The Taskforce on Telehealth Policy posted the full report online for public review. Highlights of the report’s key findings and recommendations include:

  • Telehealth is the natural evolution of healthcare into the digital age. It is essentially a setting or modality of care, rather than a type of care. As such, it should be held to the same standards and quality measures as in-person care wherever possible and appropriate.
  • Early data suggests that telehealth has substituted for a good deal of in-person care during the pandemic without increasing overall costs. Studies show that It can also relieve travel burdens, risks, and care delays, improve behavioral care access, and reduce missed appointments, costly transfers to hospitals and emergency departments and hospital readmissions.
  • Policymakers must expand efforts to ensure access to broadband and technology infrastructure to promote equity and not exacerbate care disparities as healthcare moves into the digital age.
    • Policymakers should maintain the following specific COVID-19 policy changes:
    • Lifting geographic restrictions and limitations on originating sites.
    • Allowing telehealth for various types of clinicians and conditions.
    • Acknowledging that telehealth visits generally can meet requirements for establishing a clinician/patient relationship.
    • Lifting restrictions on telehealth across state lines.
  • Full enforcement of the privacy provisions of the Health Insurance Portability and Accountability Act (HIPAA) should resume when the current public health emergency ends.

The ongoing move from fee-for-service to value-based arrangements in healthcare should enhance the ability of patients, payers and providers to leverage telehealth’s potential.

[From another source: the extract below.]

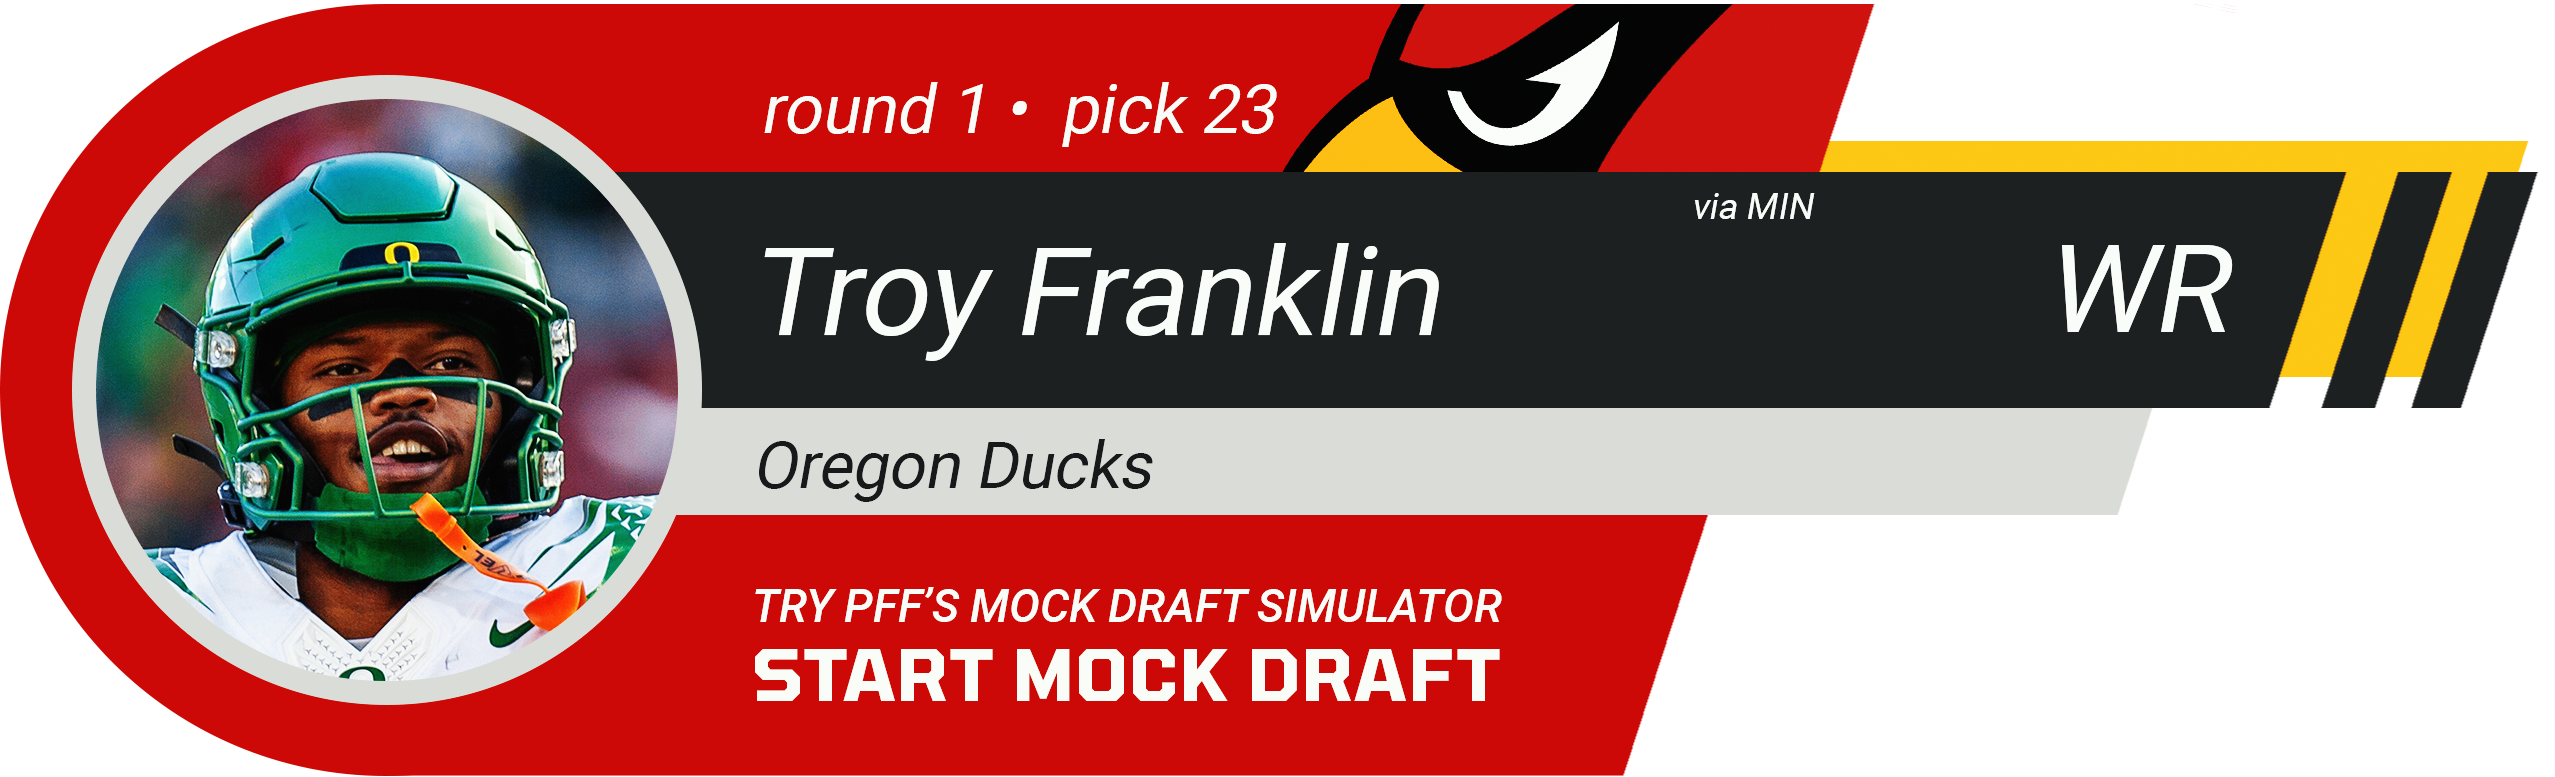 23. Arizona Cardinals: WR Troy Franklin, Oregon

A full list of Taskforce on Telehealth Policy Members is below:

  • Peter Antall, MD, Chief Medical Officer, Amwell
  • Regina Benjamin, MD, Chief Executive Officer, BayouClinic/Gulf States Health Policy Center, former Surgeon General of the United States
  • Kate Berry, Senior Vice President of Clinical Innovation, America’s Health Insurance Plans
  • Krista Drobac, Executive Director, Alliance for Connected Care
  • Yul Ejnes, MD, Clinical Associate Professor of Medicine, Brown University; Board of Regents Chair-Emeritus, American College of Physicians
  • Rebekah Gee, MD, Chief Executive Officer, Louisiana State University Health System
  • Nancy Gin, MD, Executive Vice President of Quality & Chief Quality Officer, The Permanente Federation, Kaiser Permanente
  • Kate Goodrich, MD, Senior Vice President Trend and Analytics, Humana
  • Chuck Ingoglia, President & Chief Executive Officer, National Council for Behavioral Health
  • Ann Mond Johnson, Chief Executive Officer, American Telemedicine Association
  • Megan Mahoney, MD, Chief of Staff, Stanford Health Care, Clinical Professor, Division of Primary Care and Population Health, Stanford University
  • Chris Meyer, Director of Virtual Care, Marshfield Clinic
  • Ricardo Munoz, MD, Chief, Division of Cardiac Critical Care Medicine, Executive Director, Telemedicine, Children’s National Health System, Co-director, Children’s National Heart Institute, Professor of Pediatrics, The George Washington University School of Medicine
  • Peggy O’Kane, President, National Committee for Quality Assurance
  • Kerry Palakanis, DNP, APRN, Executive Director, Connected Care Operations, Intermountain Healthcare
  • Michelle Schreiber, MD, Federal Liaison, Director, Quality Measurement & Value-Based Incentives Group, Center for Clinical Standards & Quality, Centers for Medicare & Medicaid Services (non-voting)
  • Dorothy Siemon, JD, Senior Vice President for Policy Development, AARP
  • Julia Skapik, MD, MPH , Medical Director, Informatics, National Association of Community Health Centers
  • Jason Tibbels, MD, Chief Quality Officer, Teladoc Health
  • Nicholas Uehlecke, Federal Liaison, US Department of Health & Human Services (non-voting)
  • Andrew Watson, MD, Vice President, University of Pennsylvania Medical Center
  • Cynthia Zelis, MD, MBA, Chief Medical Officer, MD Live

The Alliance for Connected Care is proud to be partnering with NCQA and the American Telemedicine Association to launch the Taskforce on Telehealth Policy to develop recommendations to Congress on permanent telehealth policy.